Washington state Republican representative Matt Shea and several associates regaled an audience with conspiracy theories, separatist visions and exhortations for listeners to arm themselves ahead of a looming civil war, at a gathering at a remote religious compound in the north-east of the state last year.

In recordings obtained by the Guardian, Shea and Jack Robertson, also known as radio personality John Jacob Schmidt, invoked their visions and fears of a violent leftist revolt in speeches at the 2018 God and Country event in Marble.

The Guardian last week published leaked chat records in which Shea and Robertson were revealed to have discussed the use of surveillance, “psyops” and violence against liberal and leftist activists.

Robertson – who aired fantasies of extreme violence against liberal activists in the leaked chats – told the audience at the 2018 event that they should be prepared for civil war.

In his speech at God and Country last June, which immediately followed Shea’s speech, Robertson said: “Of course, you all know that you should have an AR-15 and a thousand rounds of ammo, right?
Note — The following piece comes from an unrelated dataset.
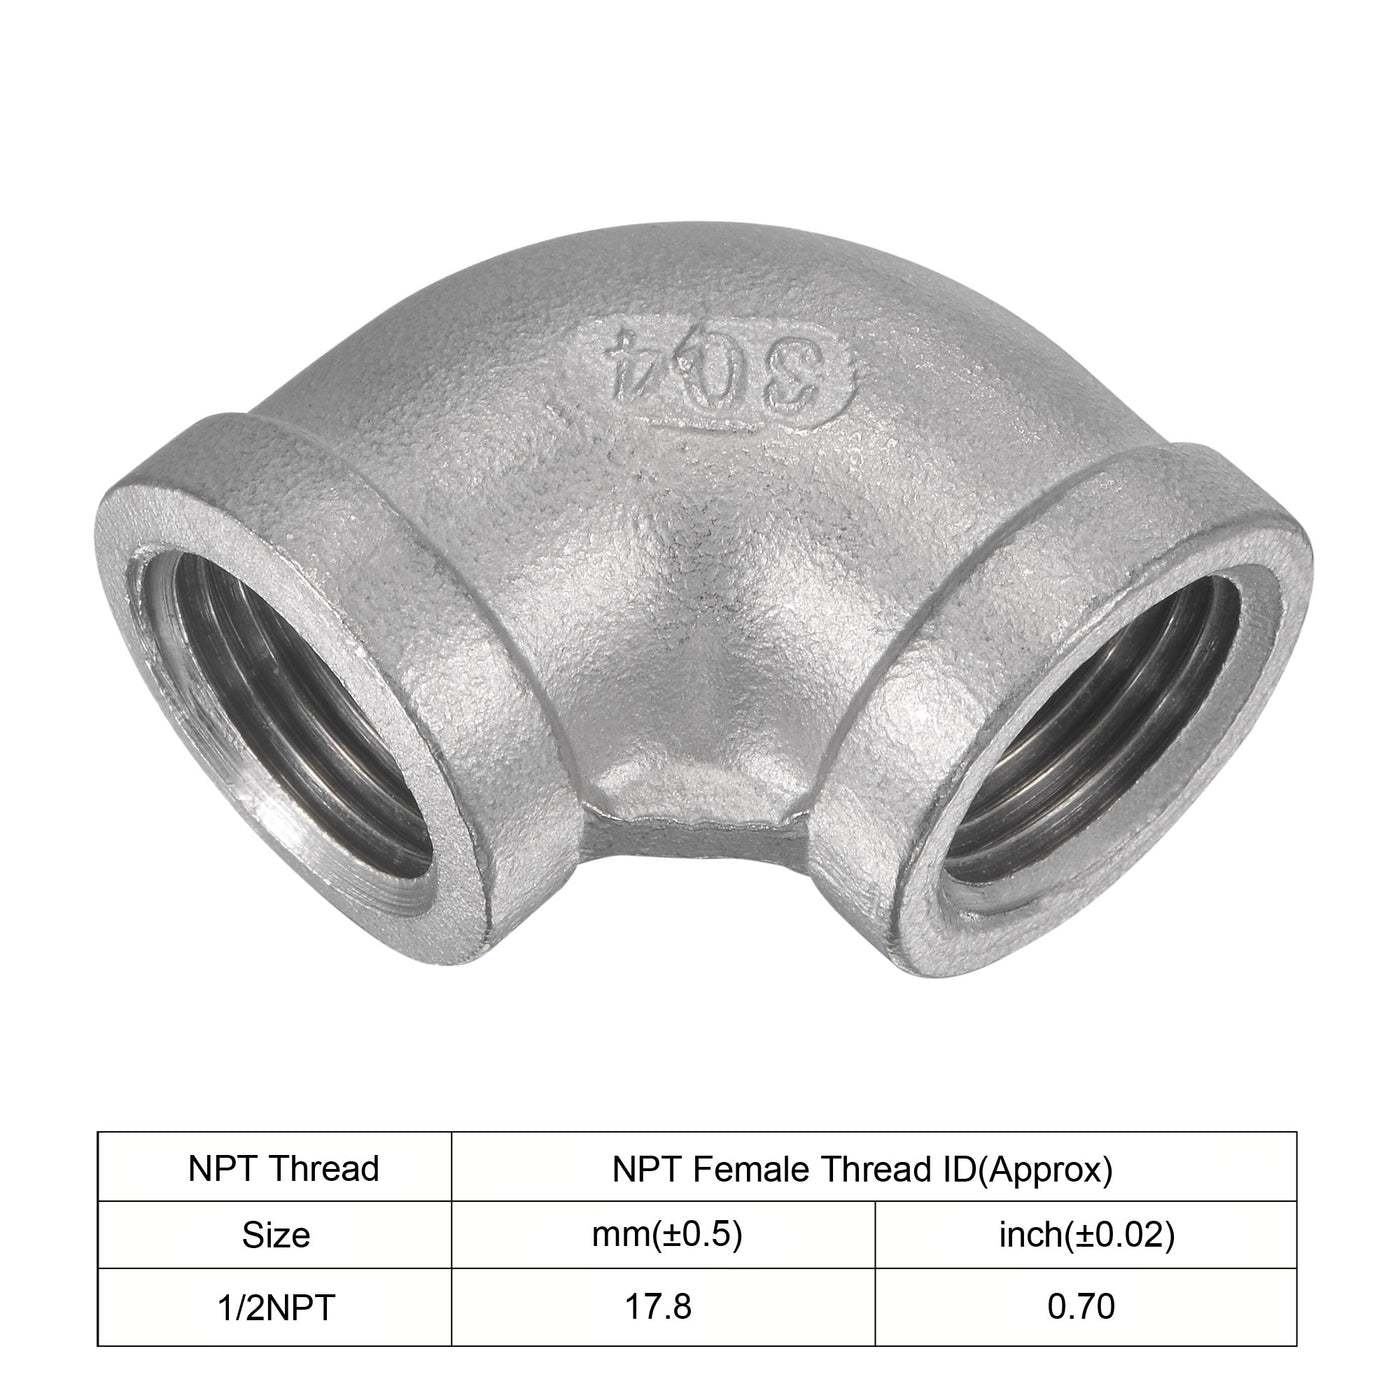 Uxcell Uxcell Pipe Fitting Elbow 3/4 NPT Female Thread Hose Connector Adapter, 304 Stainless Steel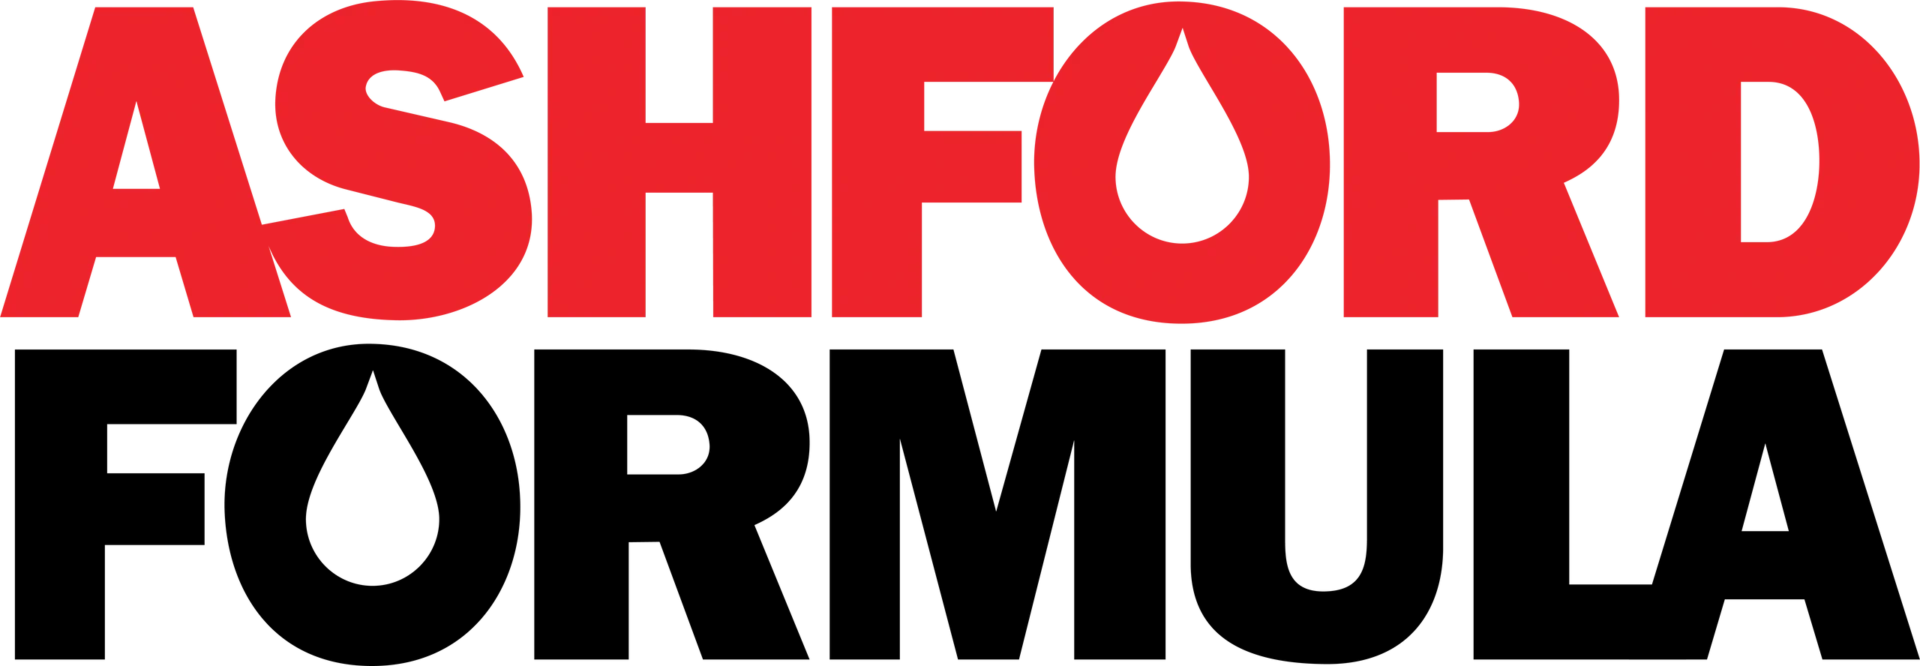 A red and black logo for hbo.

Because Antifa is kicking up and getting ready to defend, right?”

Barely a week after the Guardian reporter contacted Shea and asked for comment, Shea linked to an Australian white nationalist website post which had criticized the reporter making the call.

Robertson and Shea are evidently regular guests on each other’s broadcasts, which air  on a local “Christian” network. According to the Guardian article, the two of them often share a stage at “patriot movement” events. They’ve been associated with the Christian Identity movement, which interprets the Bible as establishing a racial hierarchy in which Jews and blacks are enemies of the white race, who are the true Israelites.

According to Christian Identity doctrine, the United States should be a theocracy governed by Christians in accordance with divine law (as they interpret divine law).

Years ago, a friend of mine told me, in all seriousness, that 20% of the people we pass on the streets–20% of our countrymen– are mentally ill, and that some number of them are delusional and dangerous. At the time, I thought his estimate was high; I no longer think so.

What neither of us foresaw was the election of someone who is seriously disordered (and none too bright), and the encouragement his Presidency would offer to others who live in a  dystopian alternate reality.

We’re in uncharted territory.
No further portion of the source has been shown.